Dataset content
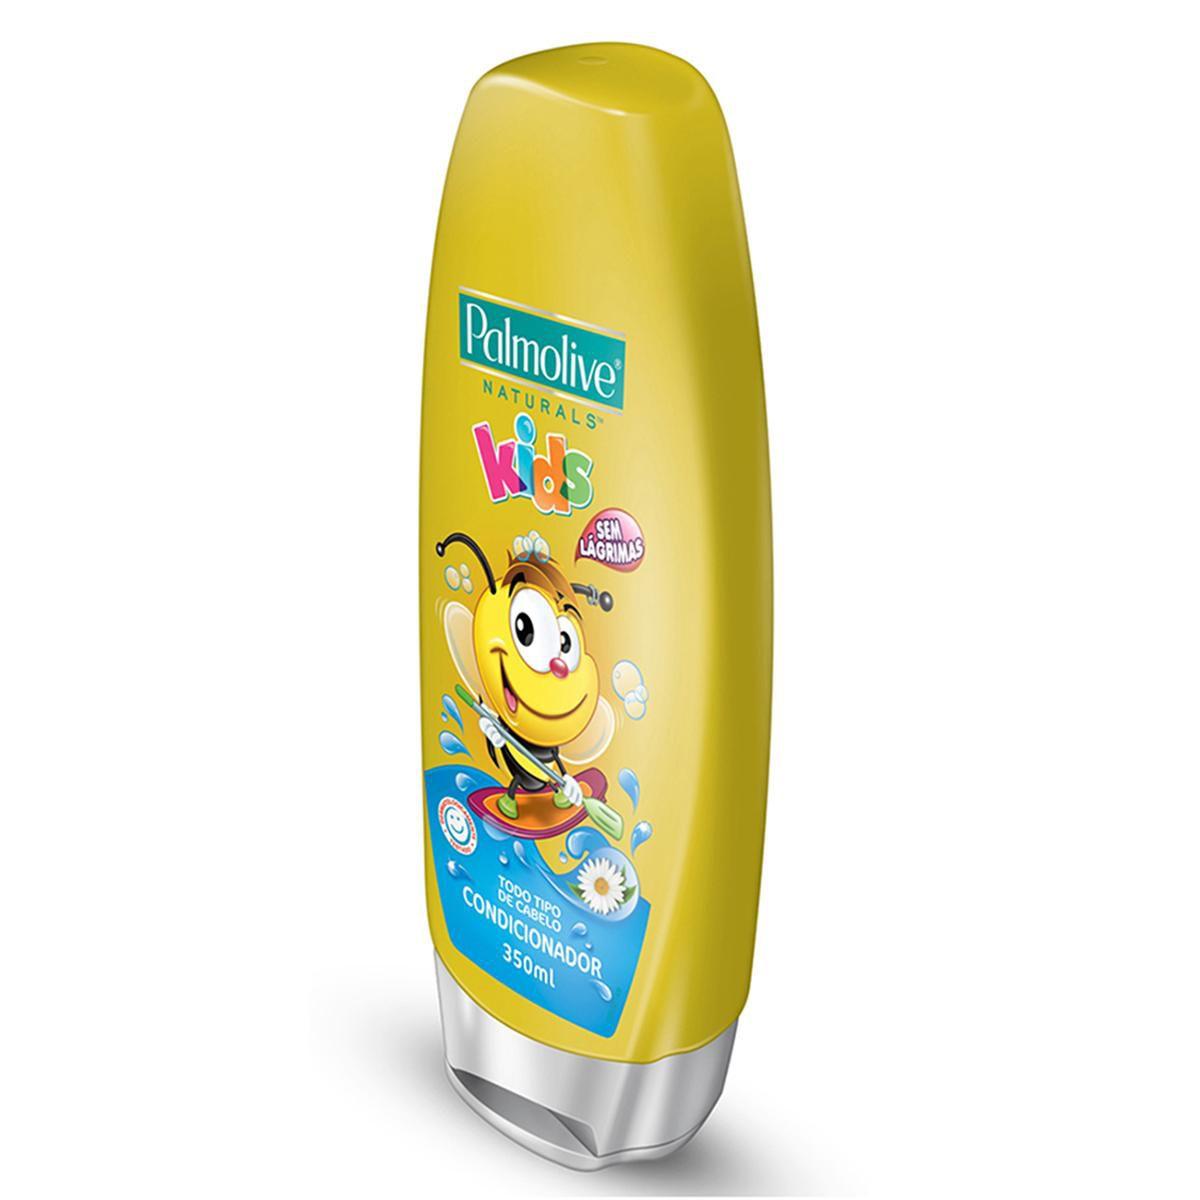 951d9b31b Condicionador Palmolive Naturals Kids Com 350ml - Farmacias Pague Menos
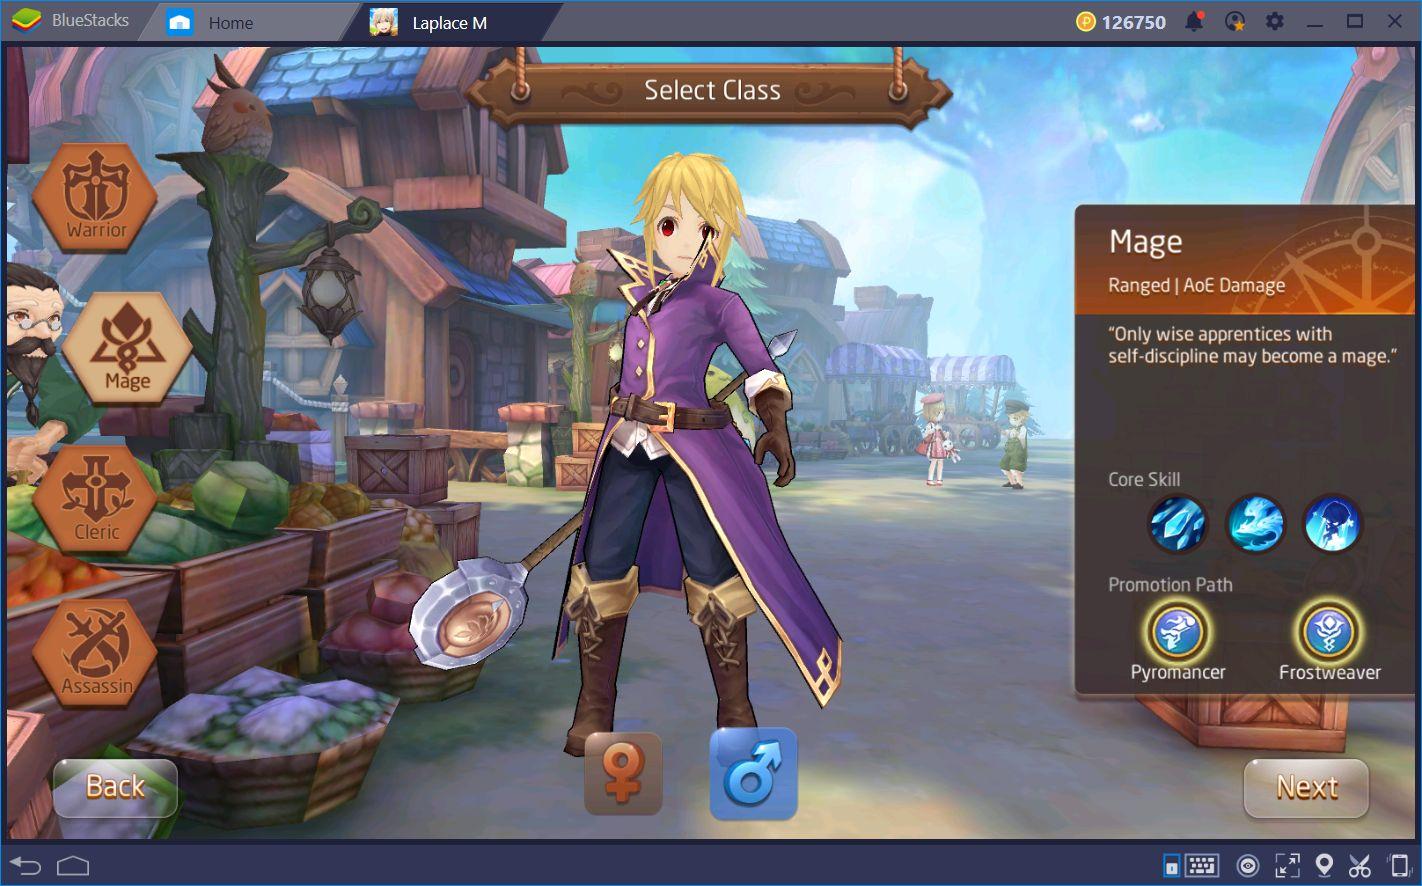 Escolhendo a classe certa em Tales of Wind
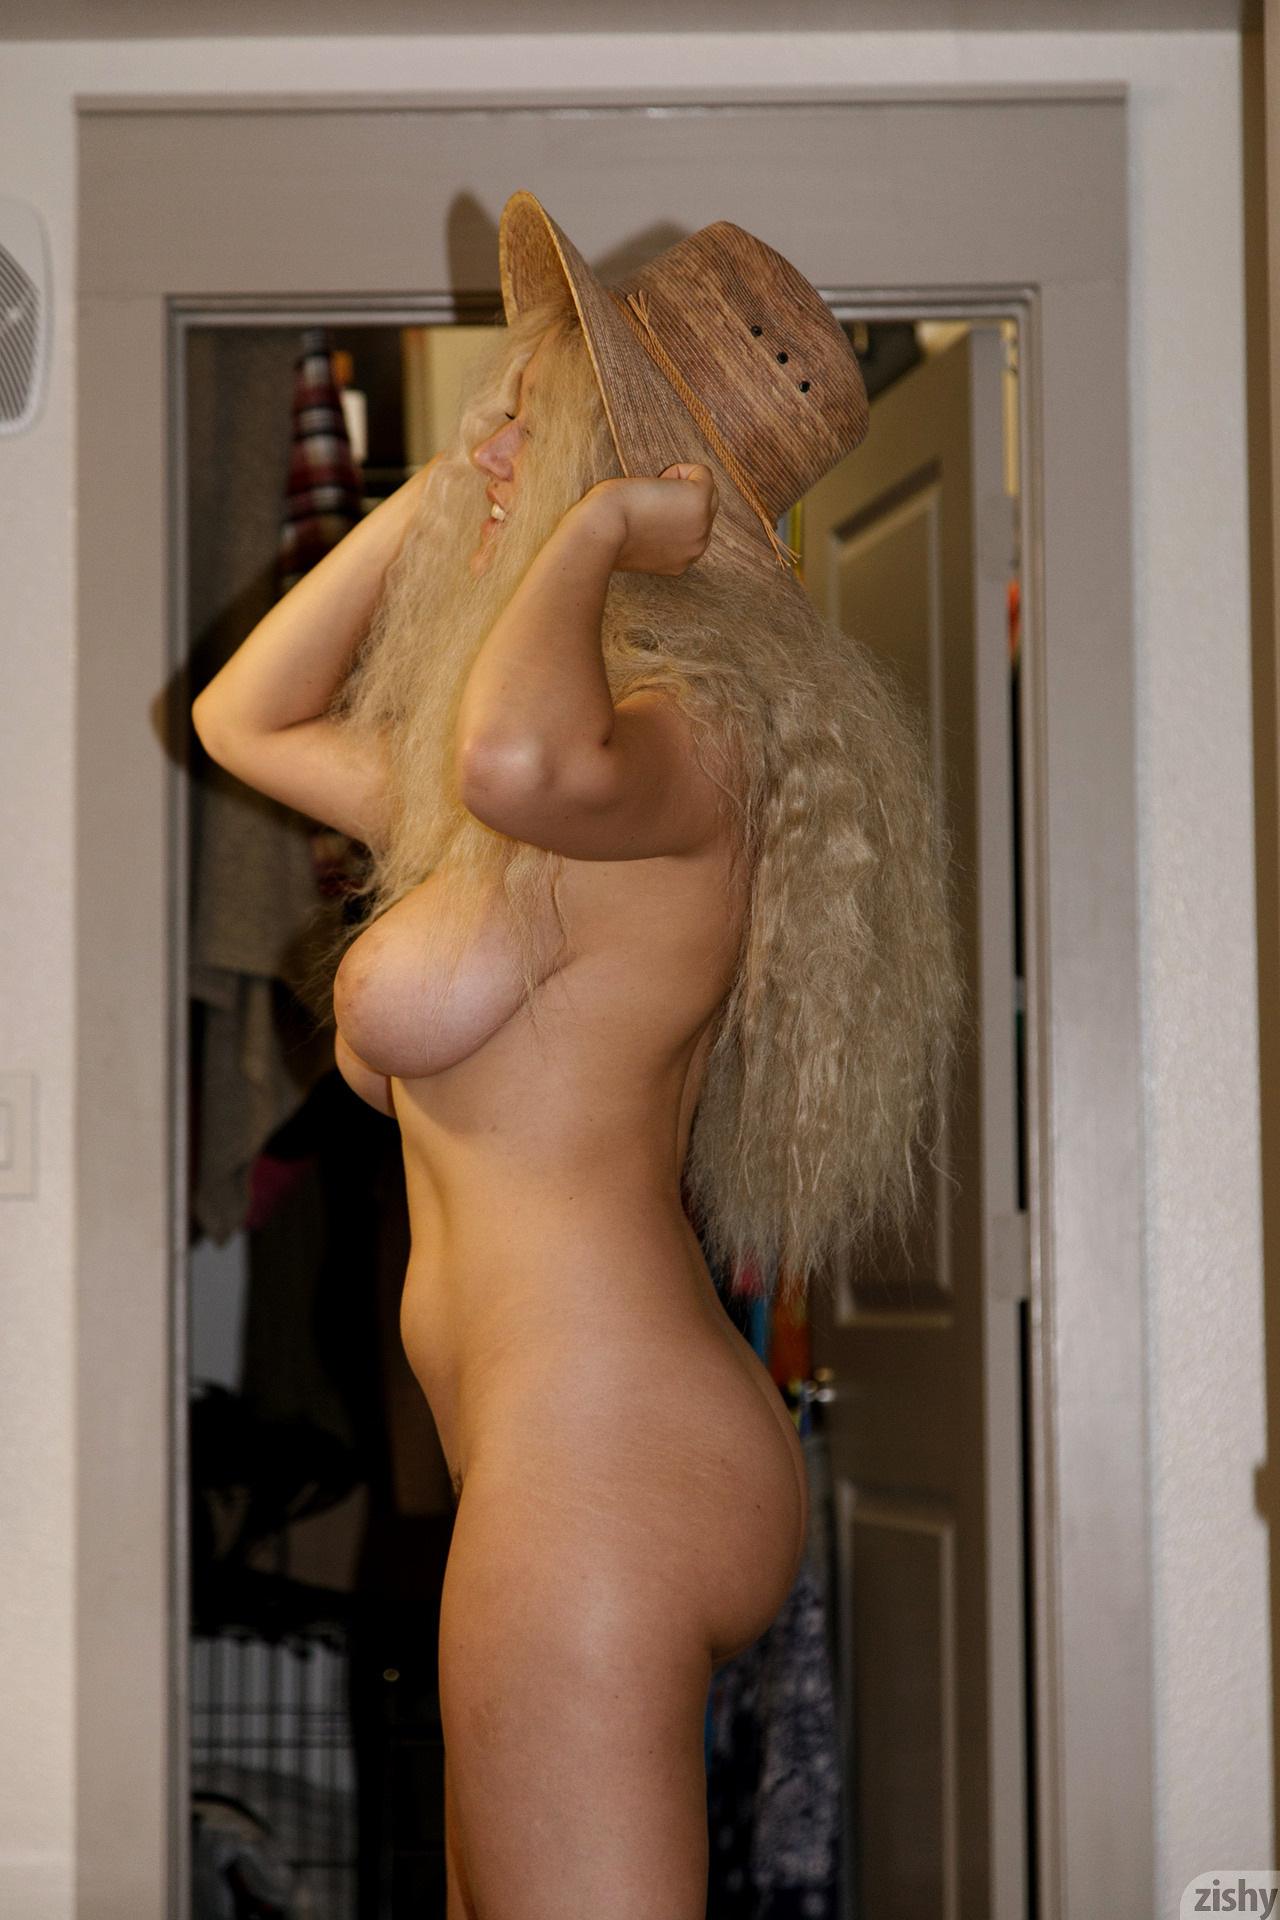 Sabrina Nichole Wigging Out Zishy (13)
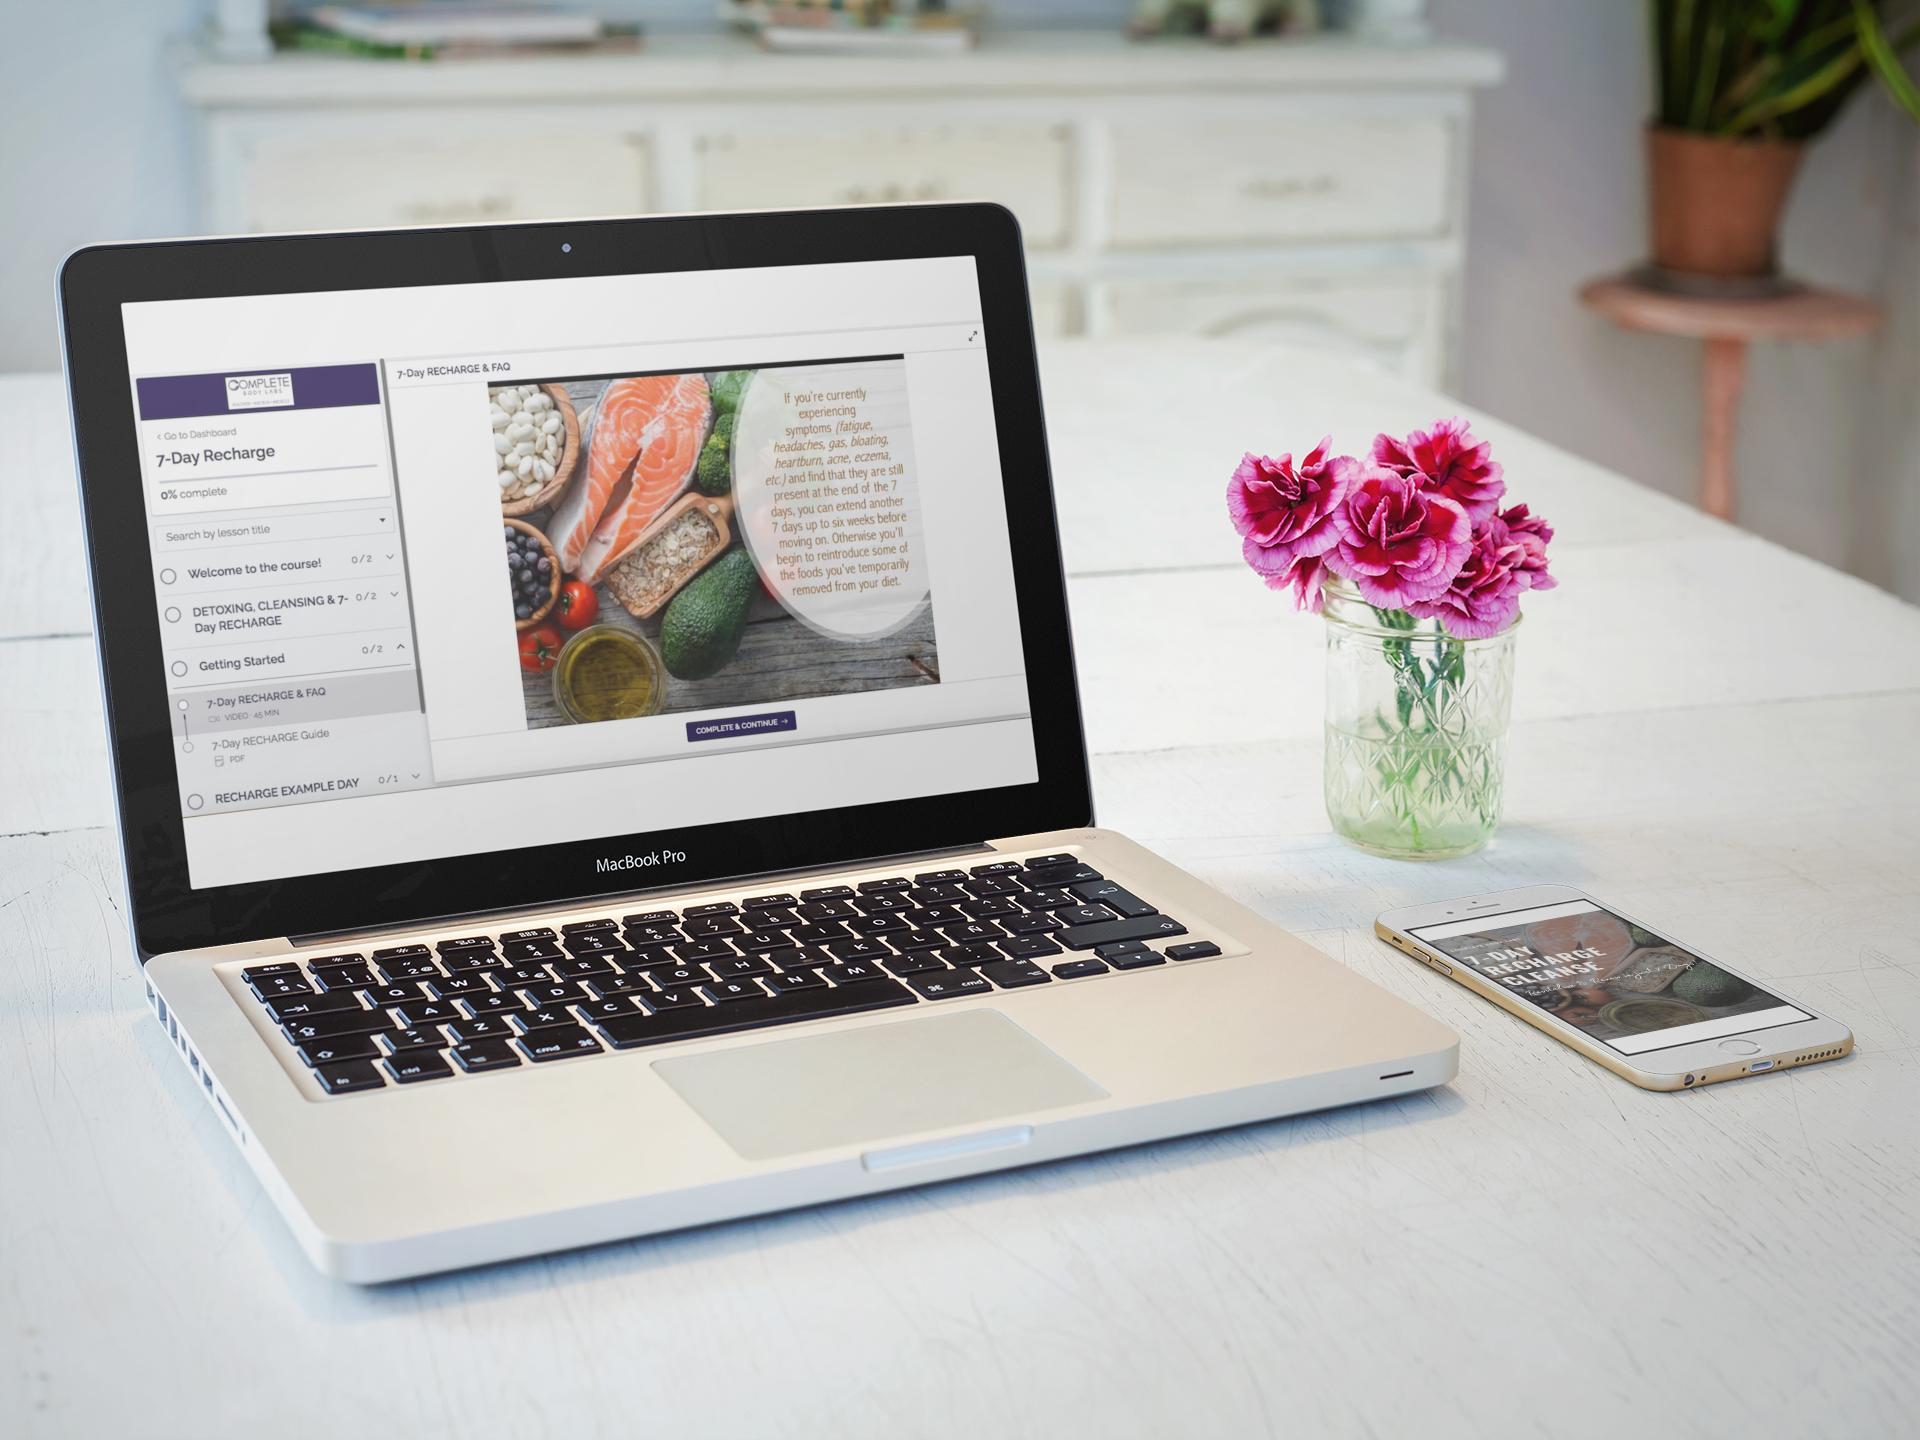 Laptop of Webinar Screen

Directions
The material above must be set down word for word, with no picture carried over.

Exercise solution
 951d9b31b Condicionador Palmolive Naturals Kids Com 350ml - Farmacias Pague Menos
 Escolhendo a classe certa em Tales of Wind
 Sabrina Nichole Wigging Out Zishy (13)
 Laptop of Webinar Screen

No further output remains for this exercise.